The team members comprising personnel of the Langsa BKSDA resort, Leuser Conservation Forum, and veterinarians, had already administered the requisite treatment to the calf.

"The calf is expected to be transported to the Serbojadi Conservation Response Unit (CRU, in East Aceh) for further medical treatment. The team will also monitor the herd, which the calf had belonged to, for reuniting her with it," he revealed.

In the meantime, in Riau Province, also Sumatra Island, six wild elephants had trespassed into the farmers' plantation in Indragiri Hulu District since May 2019.

In June, two trained elephants were deployed to drive away the wild elephants during a 10-day operation carried out by the Riau BKSDA in cooperation with the Tesso Nilo National Park and WWF Riau.

However, Rahman and Indro, the two tamed Sumatran elephants, fell ill owing to fatigue, so they had to be returned to the Tesso Nilo National Park for their recovery.

Wild elephants not only ravaged local farmers' agricultural lands but also attacked a trained elephant named Ida on Feb 11, 2019. As a result, the 40-year-old elephant`s legs were wounded.

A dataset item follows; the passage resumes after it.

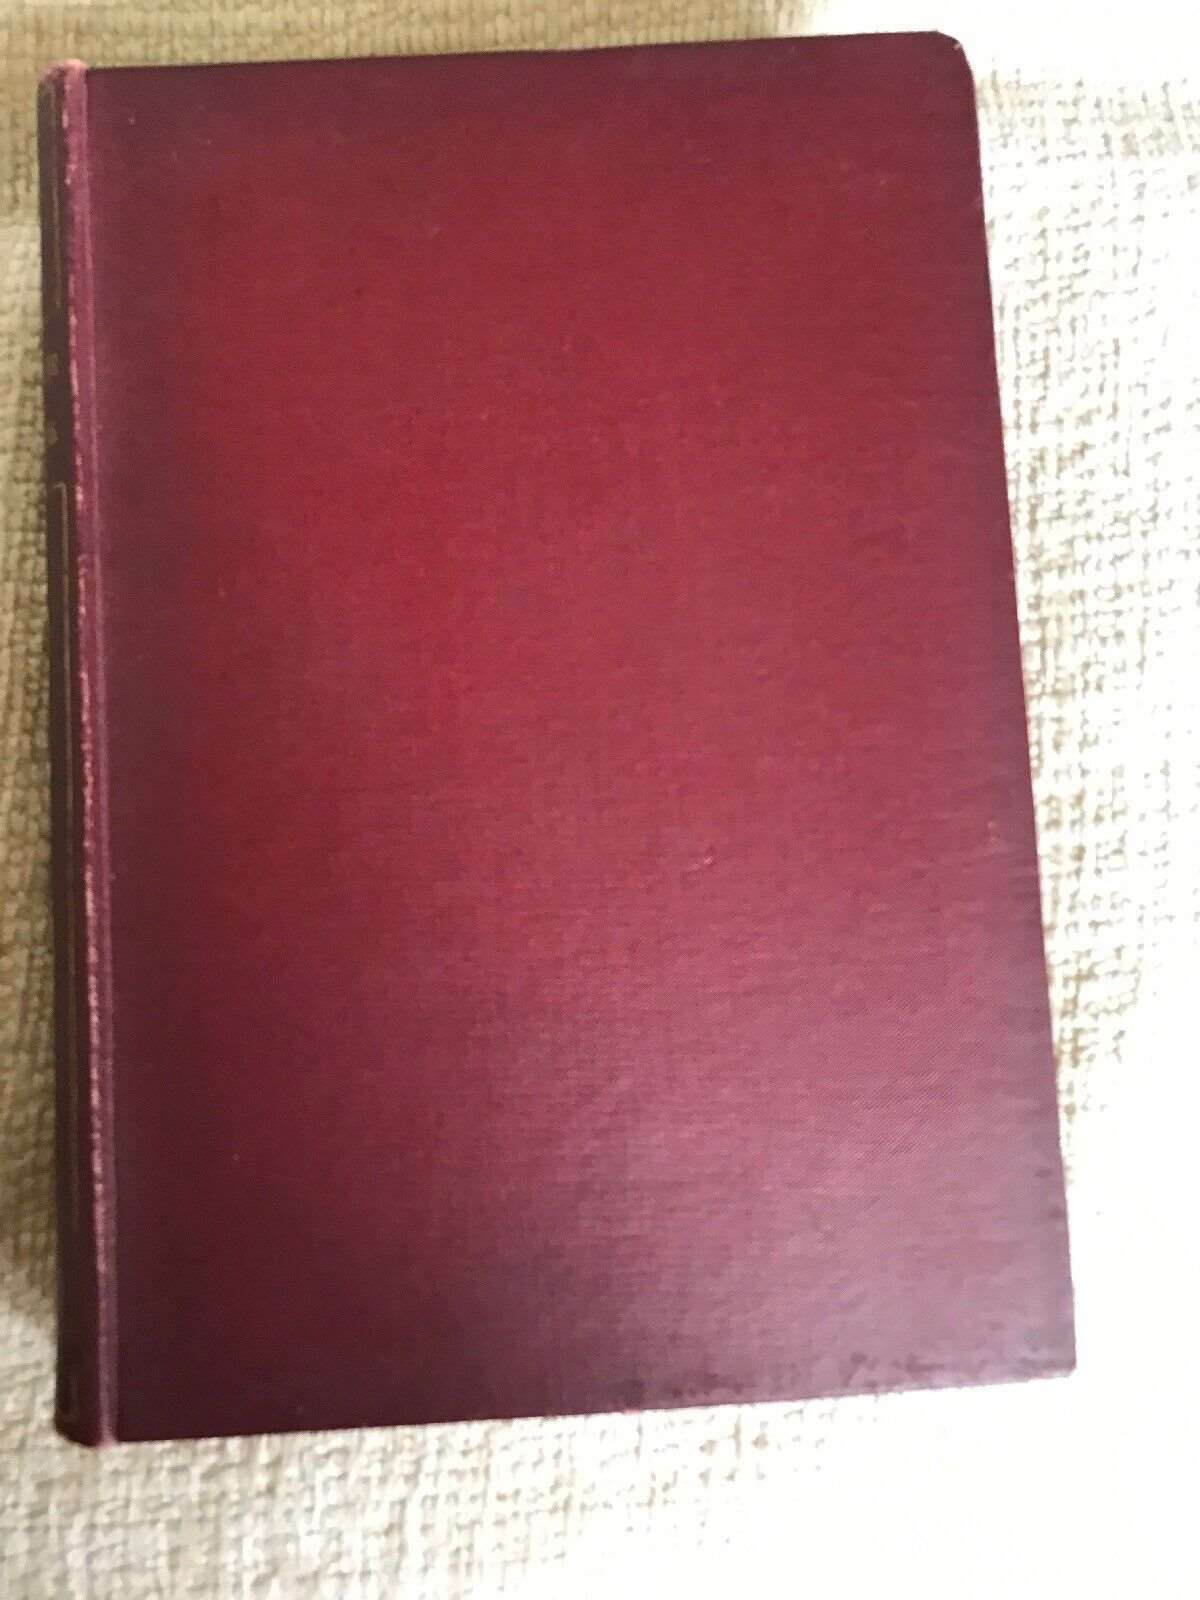 1887*1st* Life Of Adam Smith - R. B. Haldane (Walter Scott) Honeyburn Books (UK)
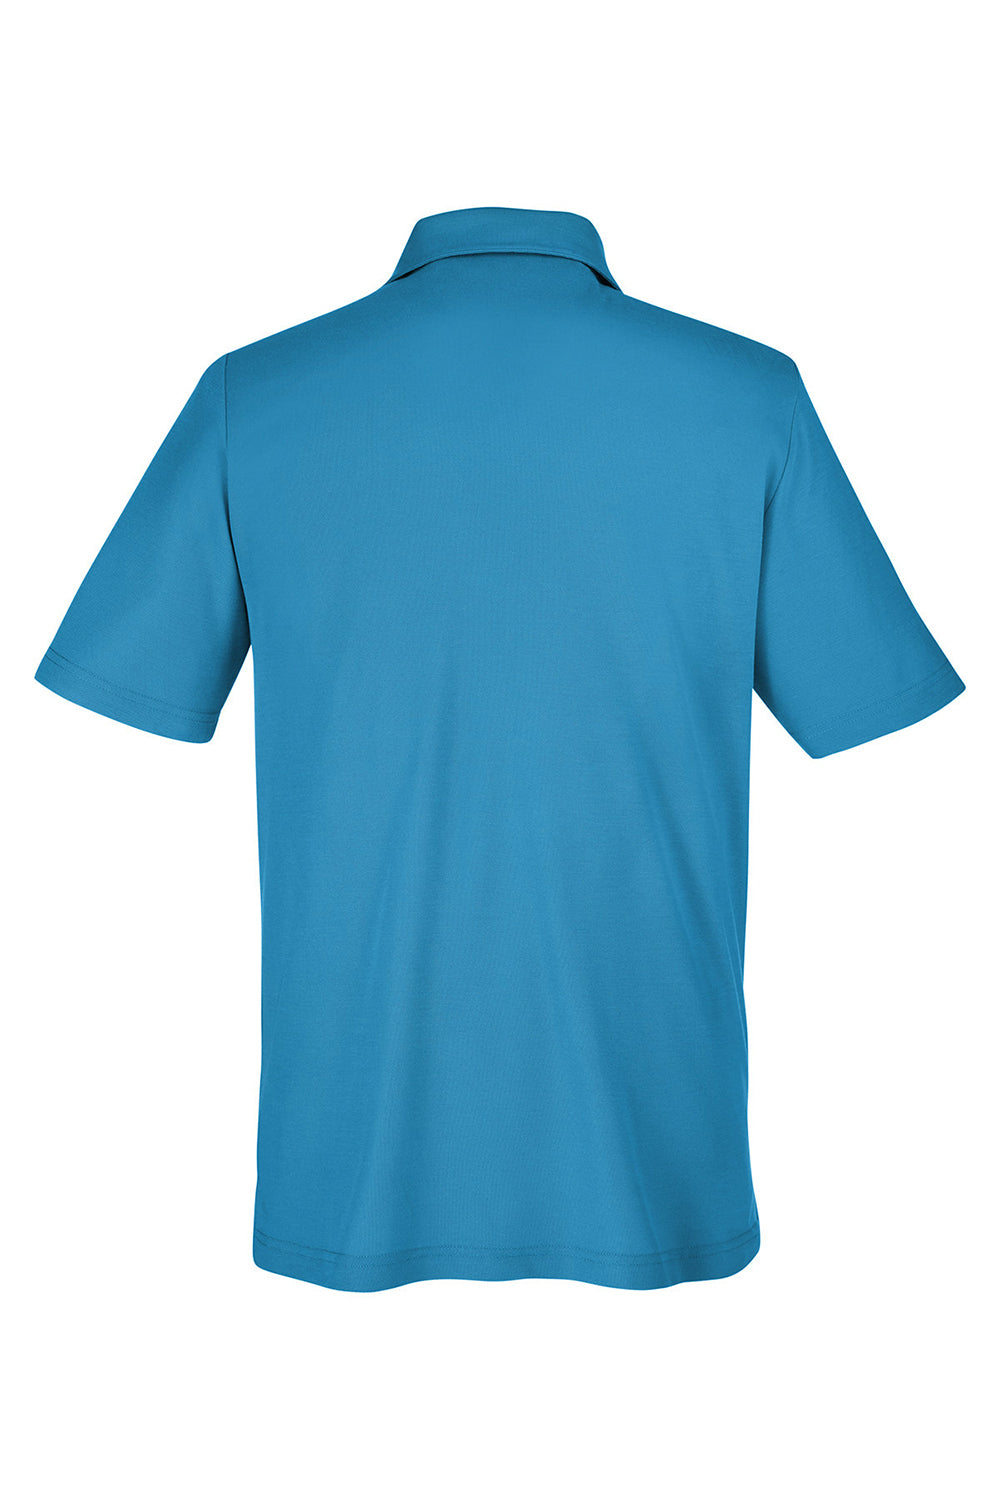 Core 365 CE112 Mens Fusion ChromaSoft Performance Moisture Wicking Short Sleeve Polo Shirt Electric Blue Flat Back

Meanwhile, six special crossing paths for elephants are to be built along the Pekanbaru-Dumai toll road project, in a bid to protect the elephants’ habitat.

"There will be six crossing paths. One in Tekuana River, and five others in section 4 near the Balai Raja Wildlife Reserve," Dinny Suryakencana, an official of PT Hutama Karya (Persero) for the Pekanbaru-Dumai project section 3-4 in Riau, said. The 131.48-kilometer long toll road is part of the Trans Sumatra Toll project, which has been designated as one of the national strategic programs.

Suryakencana disclosed that some construction workers hadseen wild elephants and their trails at the location where the crossing path is to be built.

"This path is being prepared for elephants, and is not like other roads in the village, as we will maintain its natural contour," he said.